Zoom E2EE

Table of Contents

End-to-end encryption (E2EE) means that data is encrypted between the different endpoints. No intermediary party can decrypt it and thus, private communication is achieved.

After a long long list of security failures, bad programming, poor design choices. Zoom made lots of efforts to fix several serious issues and recently brought finally the E2EE feature.

General meeting uses a meeting key to protect communication transit with aes-256-gcm. The key is distributed, by Zoom servers, to each joining participiant. It uses a KDF (HMAC) including cleartext stream id.

MMR, multimedia routers, relay and multiplex streams without any packet decryption. These are part of Zoom cloud infrastructure. However, any feature that does not natively permit the Zoom protocol, use a Zoom connector, to proxy the streams. These proxy act as an endpoint and decrypt/encrypt all their communication with the endpoint application, such as SIP, PSTN, H323.
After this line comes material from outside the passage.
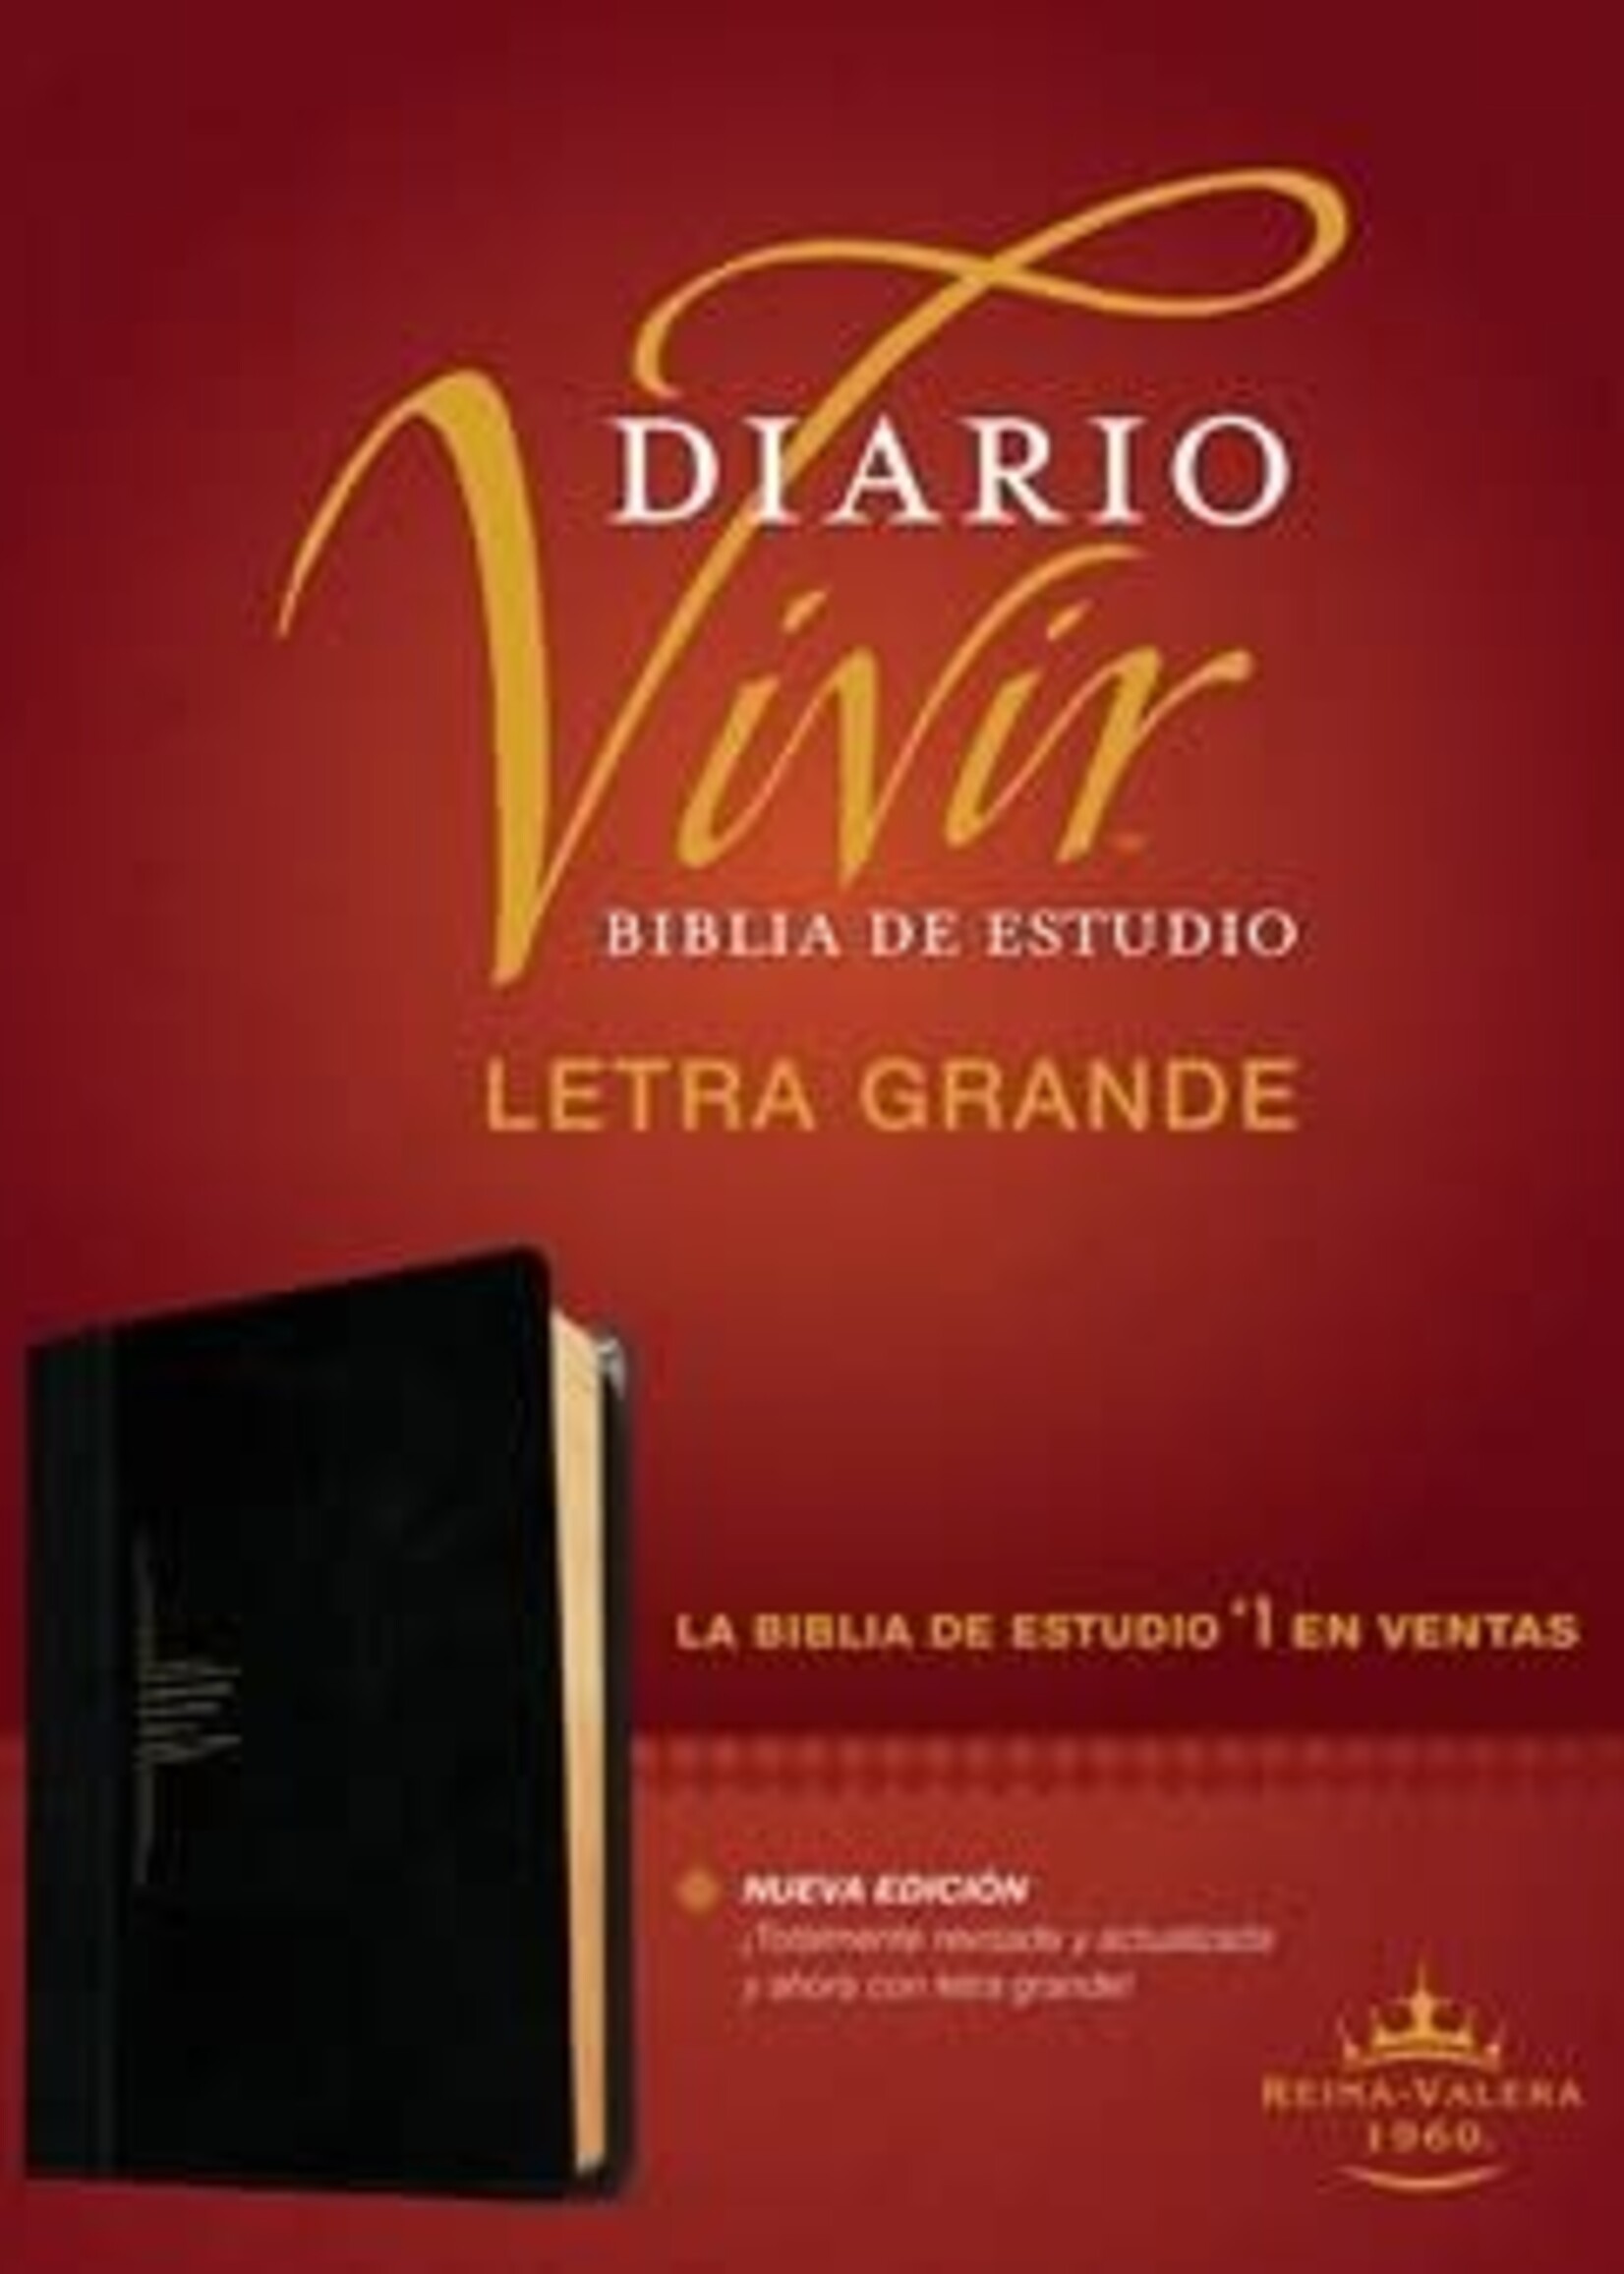 TYNDALE ESPANOL BIBLIA DE ESTUDIO DIARIO VIVIR RVR60 CON INDICADORES

Recent development provides (from zoom communication) E2EE with zoom native clients. There are mandatory disabled features to be able to use such security level:

  • Join before host
  • Cloud recording
  • Live streaming
  • Live transcription
  • Breakout Rooms
  • Polling

Free user accounts can use this security feature. They are required to have a valid billing option associated. Phone verification is mandatory.

The E2EE feature is defined as an option in the account settings and group management (Settings->Meeting->Security). Participants will have to verify a security code to ensure they match the expected one.
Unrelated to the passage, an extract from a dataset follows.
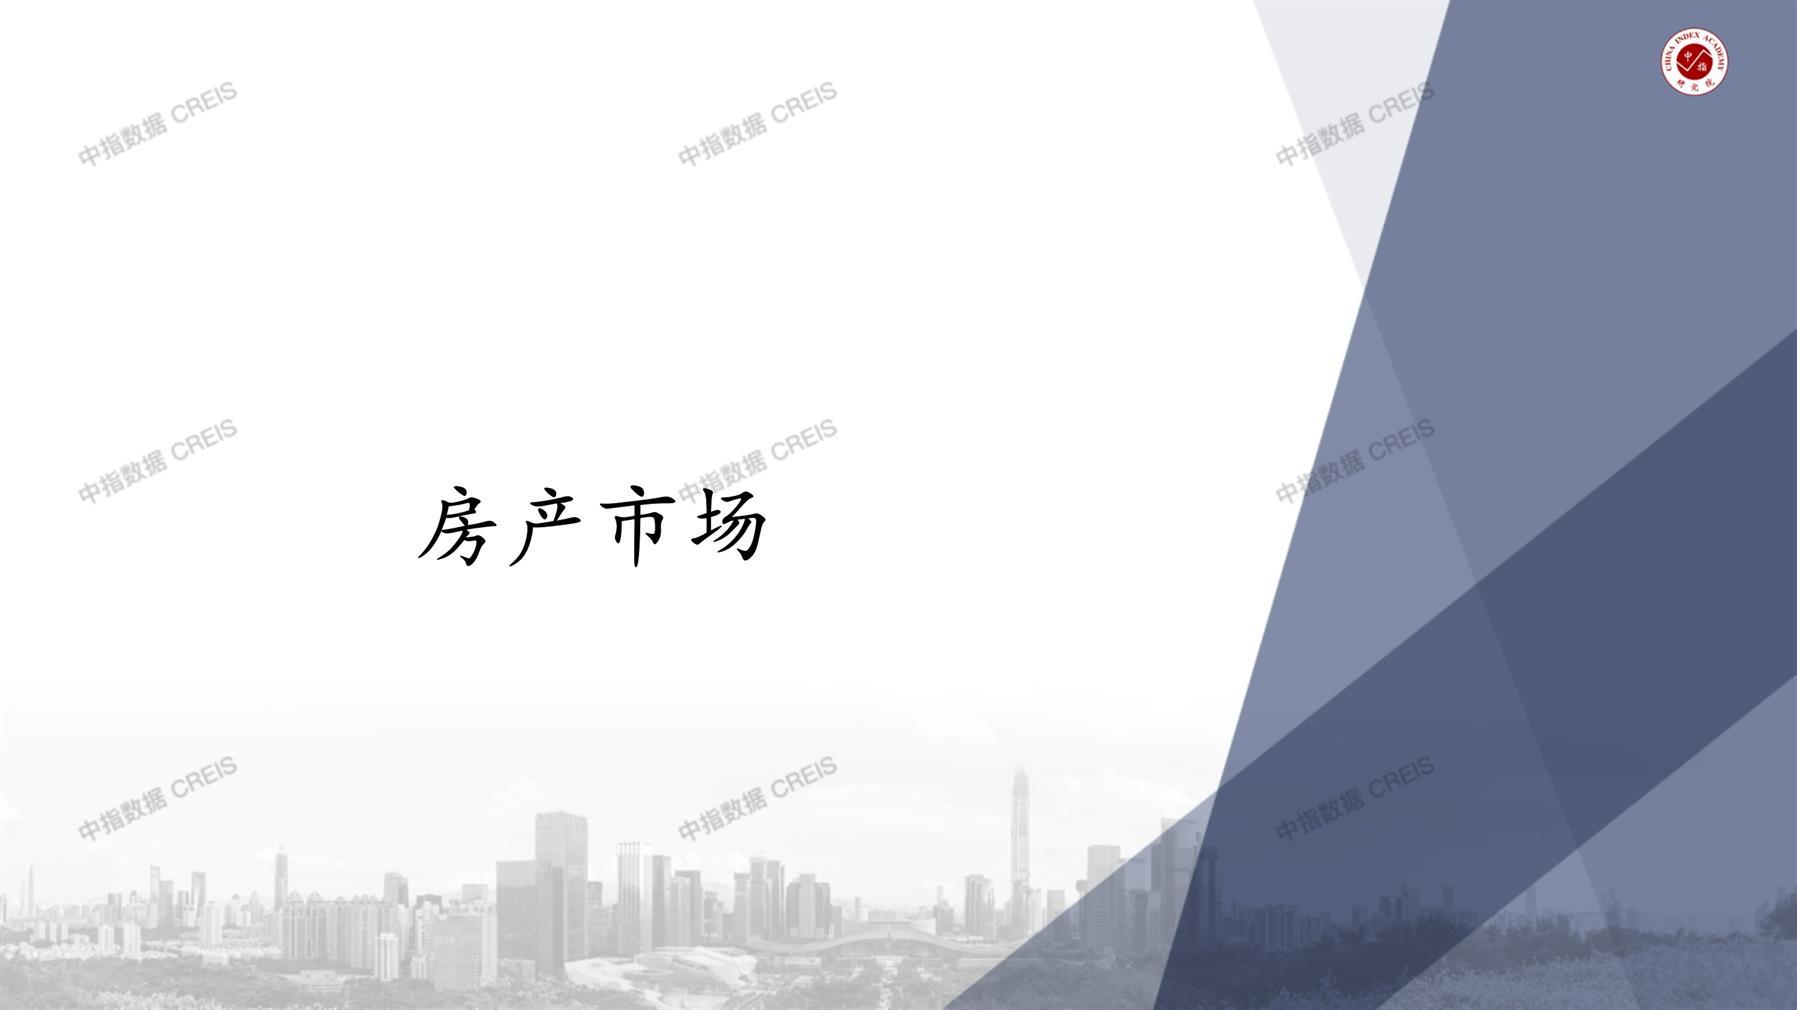 深圳、深圳房地产市场、商品房销售、住宅成交、土地市场、地块面积、深圳写字楼

Better identity management and E2EE SSO integration are part of Phase 2, which is tentatively roadmapped for 2021. Thanks to the support of solid cryptographers, Zoom security features are improving over time.

Zoom’s E2EE meetings support a maximum of 200 participants.

Zoom finally provides a correct level of security. However, don’t forget that they first started to lie about their security. And they really changed because of public pressure, not because of proactive security. Anyway, in the end, it worked and results are there. However, as we don’t have access to the source code, many aspects rely on what can be communicated. Hopefully further independant audits will continue and let users have a more appropriate trust with Zoom.

Please, refer to the EFF guide for good security practice with Zoom application usage.

The Paderborn university provides good instructions on when and how to use Zoom. As they advise, self-hosting a Jitsi instance, provides much better control and confidentiality. Jitsi is free/libre software and does not require at all a user account registration. BTW, Jitsi has an ongoing work on E2EE and it currently works, but not tagged yet production ready.